The Peace Corps team from Washington, D.C. was extremely helpful in the decision-making process, never forcing us to take a transfer, because it is not wise to make life decisions during stressful events, or to make them in a short period of time. Many of my compañeros weren't ready to make that decision to jump into a new culture, program, and country without our familiar surroundings and friends. And it wasn't a rejection of Peace Corps, for anybody that I talked to. It was a need for time and closure, whether in Bolivia or in the U.S. Sometimes I wonder whether it's something I should have taken more time to think about, and had I done so, I would have had to close my service and re-enroll for 27 months, thus being counted among the "PC rejectors." We had a wonderful counselor to help us with the tough stuff, and we had placement officers who helped us with knowing exactly how sure we would be about getting placed to a new, satisfactory post if we so chose, once we had sorted our thoughts out in the U.S. (or on a super-sweet South American vacation using some of the money we'd earned as volunteers...it's not much, so why not spend it somewhere less expensive and really interesting).
More than half the volunteers had LESS than a year left in service (some were a MONTH away from their full commitment of 2 years), and it wouldn't make sense for those people to add a new 1 or 2 year commitment just to keep being in Peace Corps. To me, that makes sense that they wouldn't hurry to another country, but rather go back to Bolivia to tie up their loose ends and maybe make arrangements for almost-done projects to be completed. Again, not a rejection of peace corps or a statement against the organization, rather a logical decision.
There is a good number of people who are planning on doing another WHOLE 27 MONTHS. those people had to close their service, which inflates the number of "not continuing" members.
Some COS-ed people are interested in Peace Corps Response, which places returned volunteers in short-term high-involvement projects to accomplish a specific goal, often in response to a major crisis (this used to be called Crisis Corps). to be eligible for PCR, you need to close your service, then re-apply from home.
Some people with recent injuries could not transfer, because their medical clearance would take longer than the few weeks that would remain before moving to the new country. That's unfortunate, but those people could still do Peace Corps in the future, and I know some really fought for the chance to transfer. Were they rejecting the organization? This might be the only small group of "angry" volunteers, but they were angry that they couldn't continue right away, because they still wanted to be volunteers.

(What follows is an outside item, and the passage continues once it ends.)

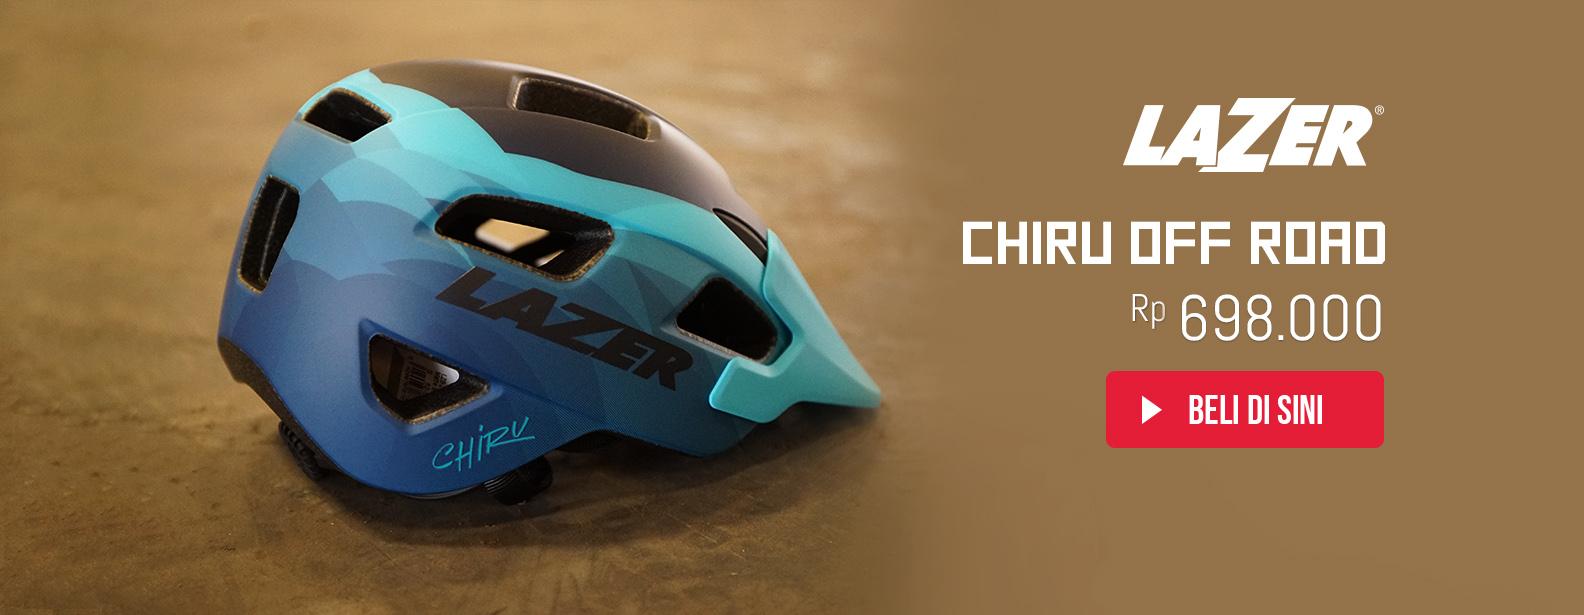 Lazer Helm Sepeda Chiru Off Road

All the people who ended their service have "Returned Peace Corps Volunteer" status. It's like they're veterans. Are those who end their military tours of duty rejecting the U.S. military? They are honored as veterans, and hold that status for life. Though the military and Peace Corps are clearly different, I do see a comparison. An RPCV continues as such, as a part of the organization, and can choose to be an active RPCV, visiting schools, participating in events, etc. It's an honor for many people to say they are RPCV. I don't think most of these people would be considered as mad at the organization.
So as you can see, when the news talks about the HUGE number who apparently ended their relationship with Peace Corps or who were angry at the organization, they aren't giving a full picture. Why paint it in this negative light? I'm glad the Washington Post today did add more to the story about back-to-Bolivia volunteers. I'm so proud of the people who chose to go back to tie things up, or stay in their sites and work for a while longer. It says a lot about those people, and (in my opinion) how important their Peace Corps experience was to them. For us transfers, that was an unfortunate draw-back. Many of us would have loved to have gone back to Bolivia for a week and THEN go to another country, but it was not an option because the government is still obligated to protect us as volunteers, and Bolivia isn't safe enough for them to let any current volunteer visit.
I would encourage the Press to give a more rounded version of the story. They probably can't find a current volunteer willing to give an interview (we're not supposed to, for our safety and privacy), unfortunately, but the least they could do is research more of the post-Close of Service options and reasons behind taking this path. Then the numbers might not look so dramatic. But then again, what is the Press if not Drama? Not News...certainly not!